_What to work on:_
The answer must reproduce all of the data below exactly and contain no images.

_Input data:_
******************************

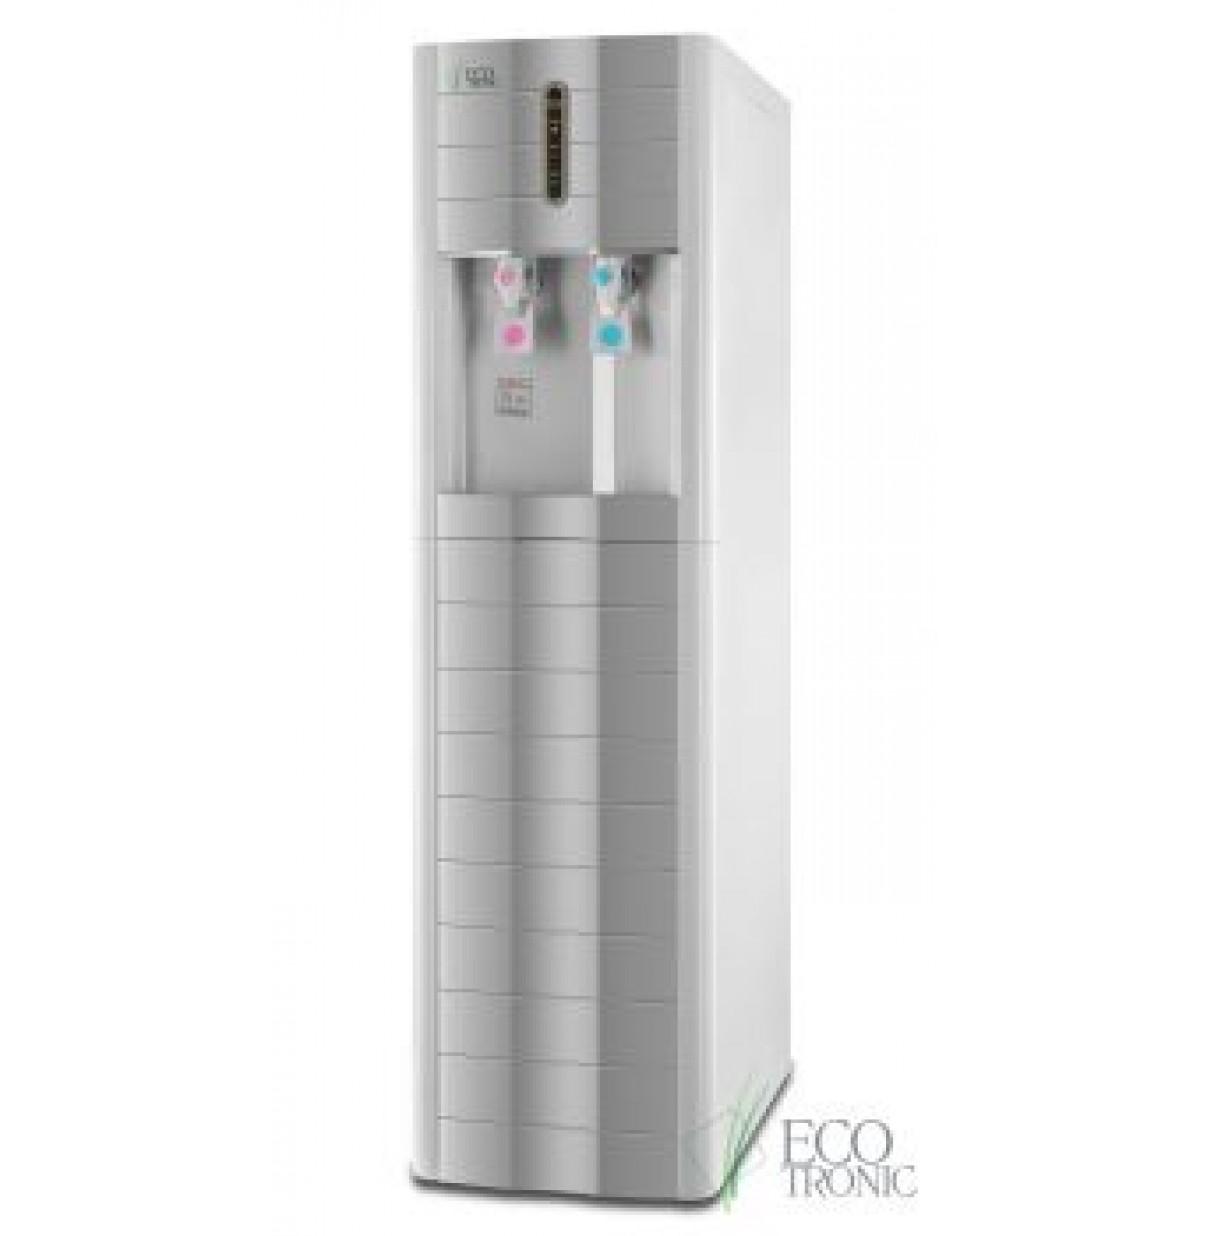 Пурифайер Ecotronic V42-U4L wite
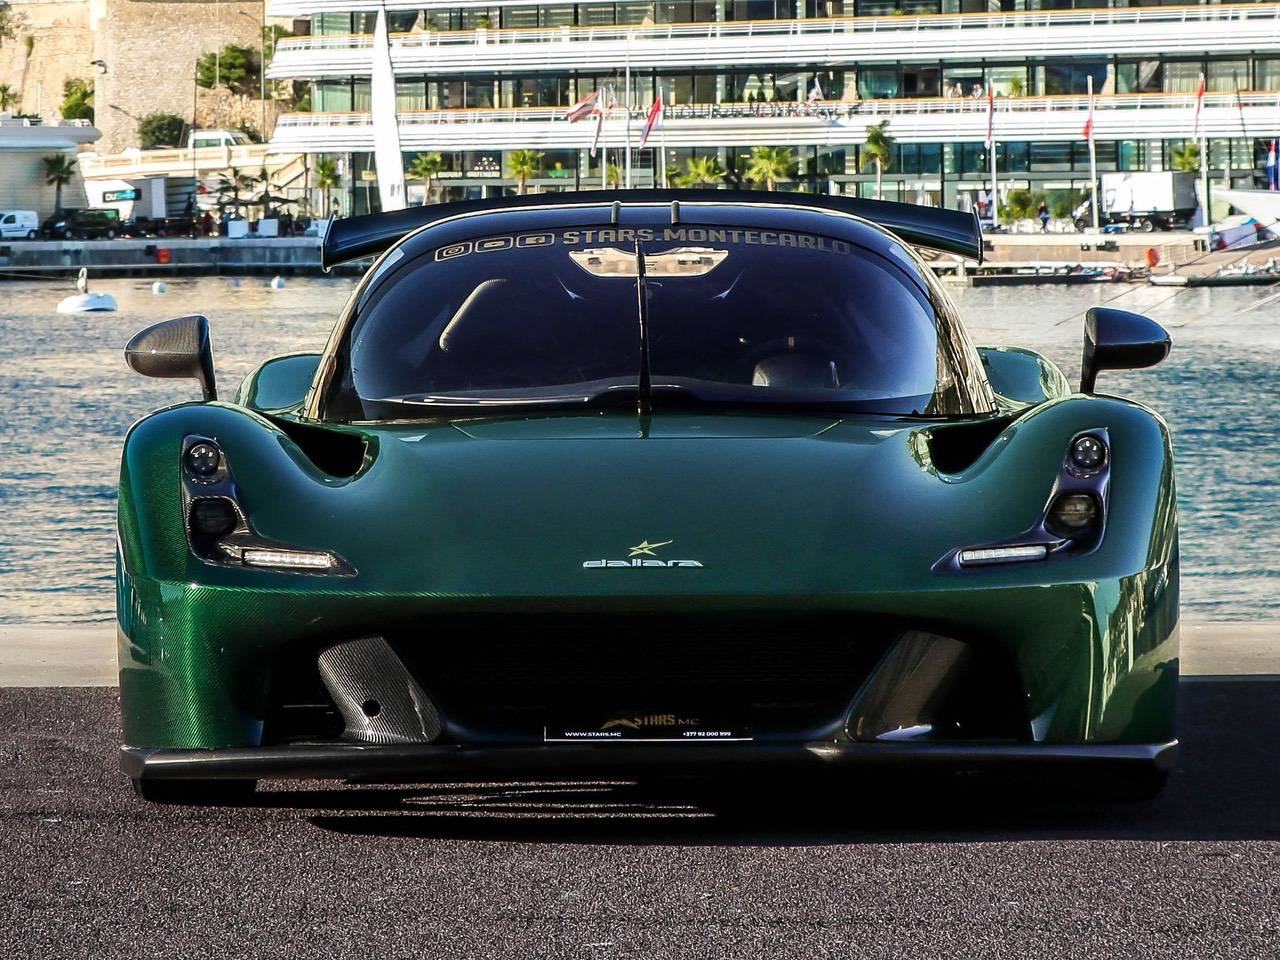 Dallara-Stradale-Convertible-Carbon-6
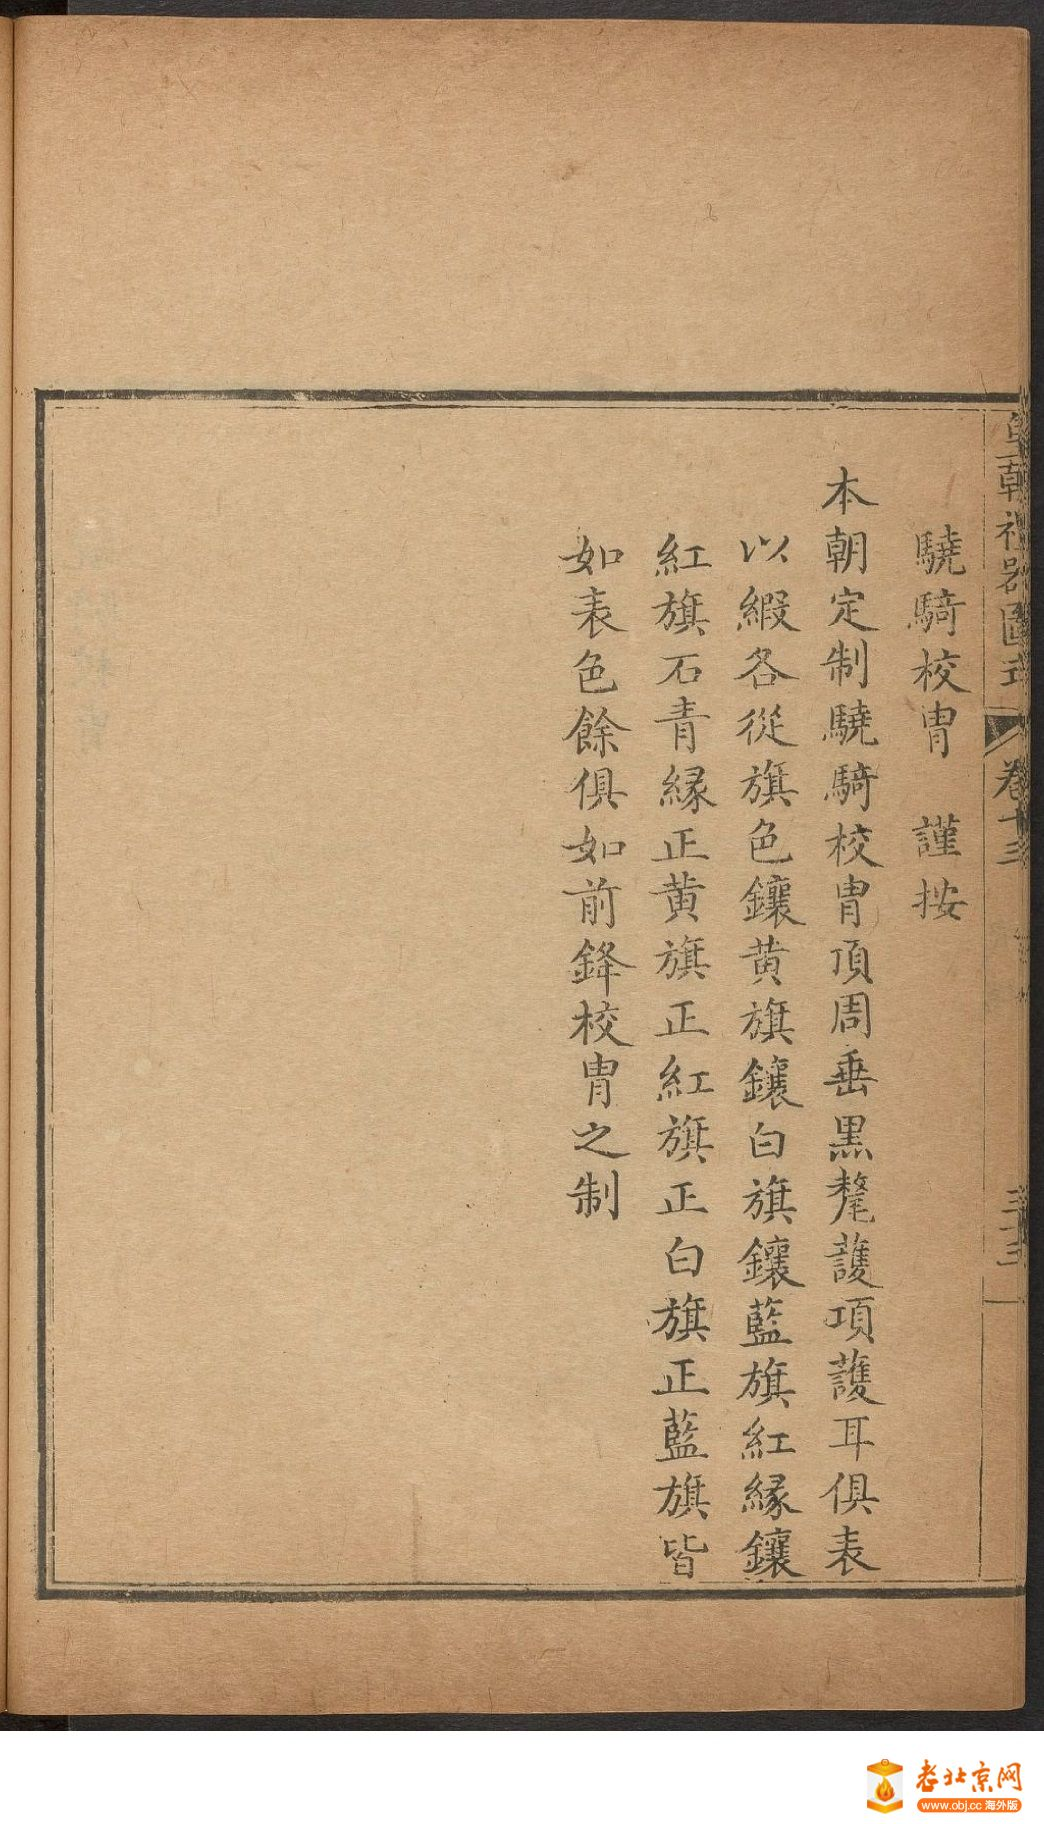 4_page4_image1b.jpg
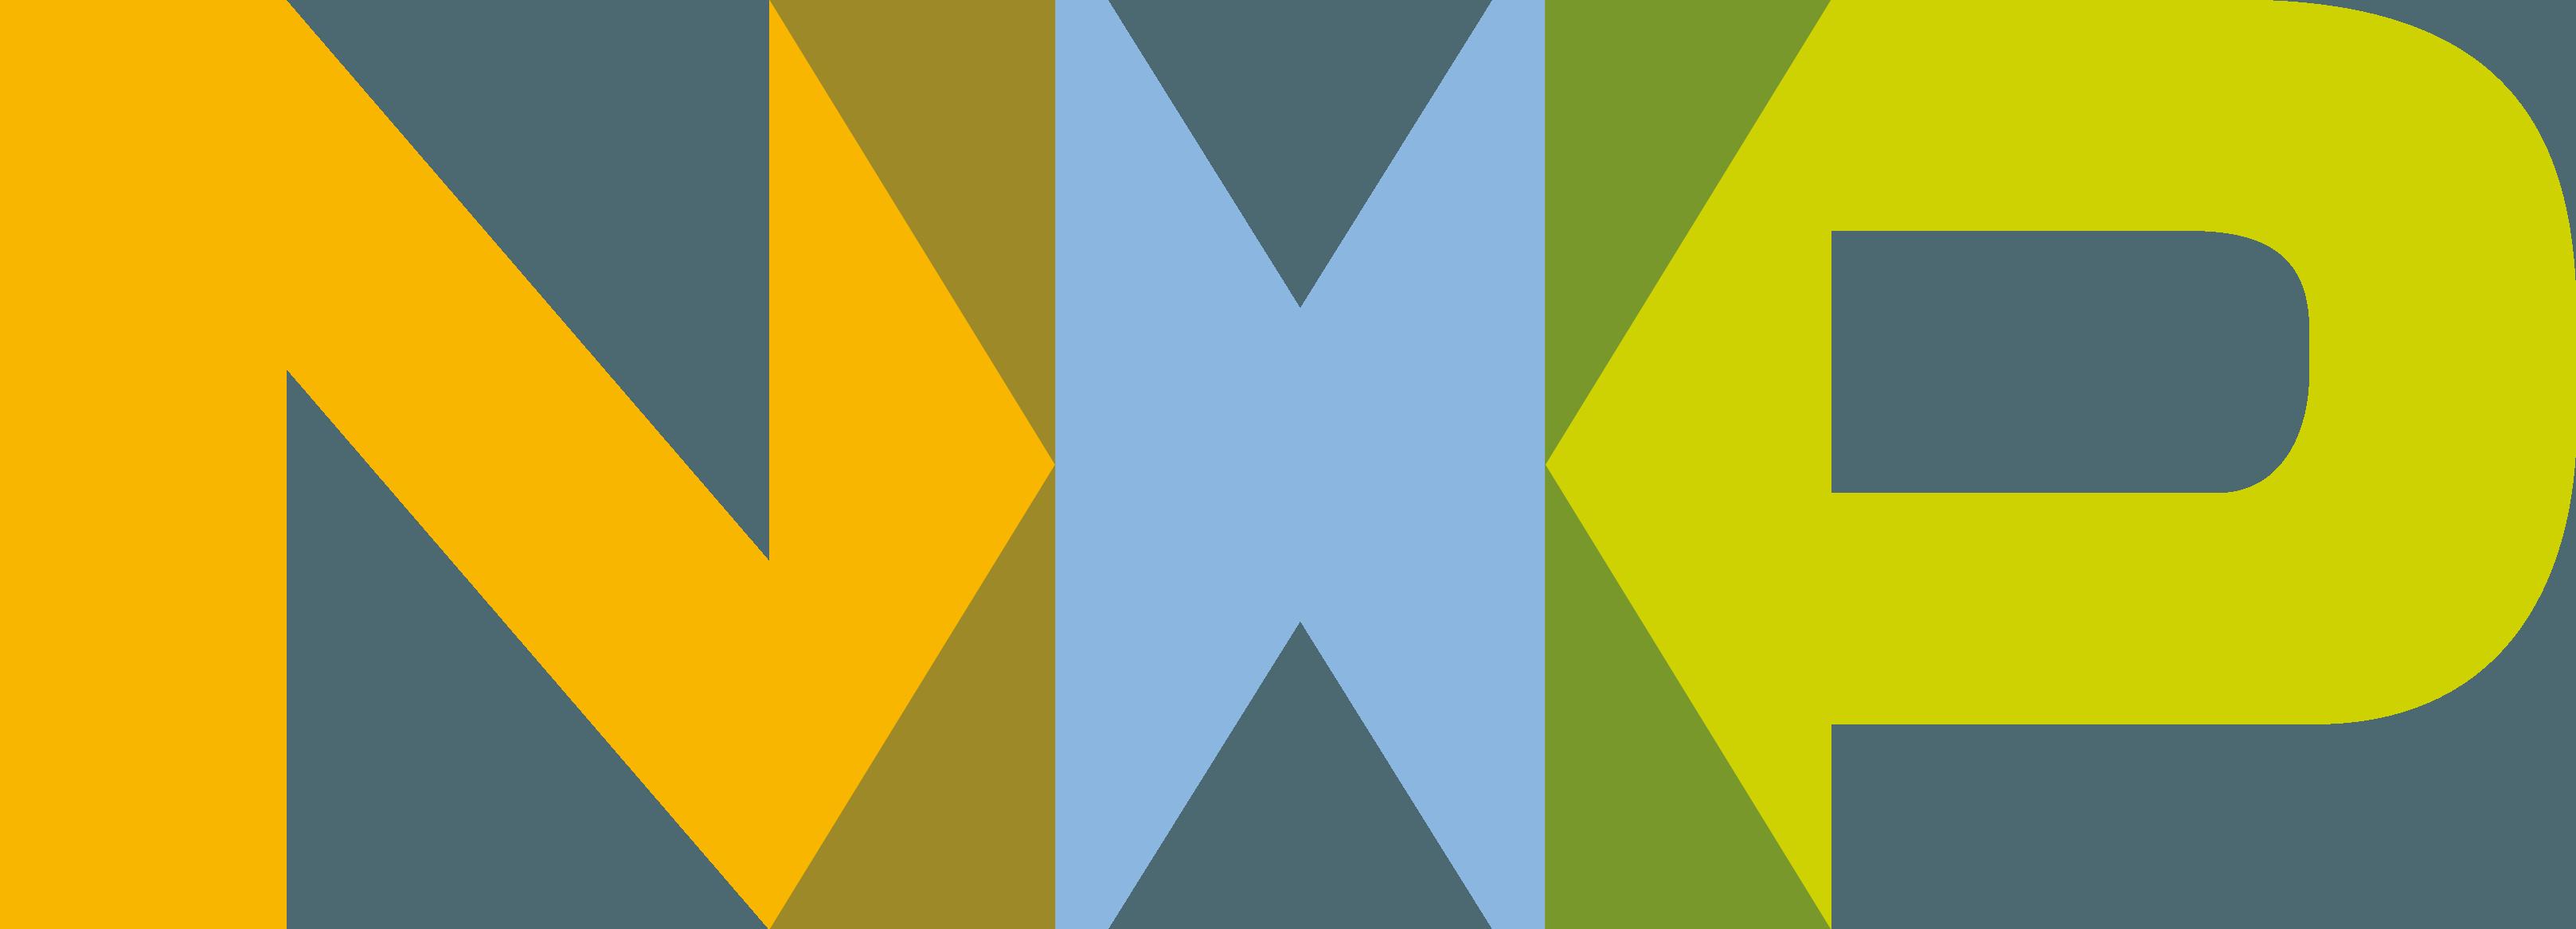 NXP Semiconductors Logo [nxp.com] png

******************************

_Output for this task:_
 Пурифайер Ecotronic V42-U4L wite
 Dallara-Stradale-Convertible-Carbon-6
 4_page4_image1b.jpg
 NXP Semiconductors Logo [nxp.com] png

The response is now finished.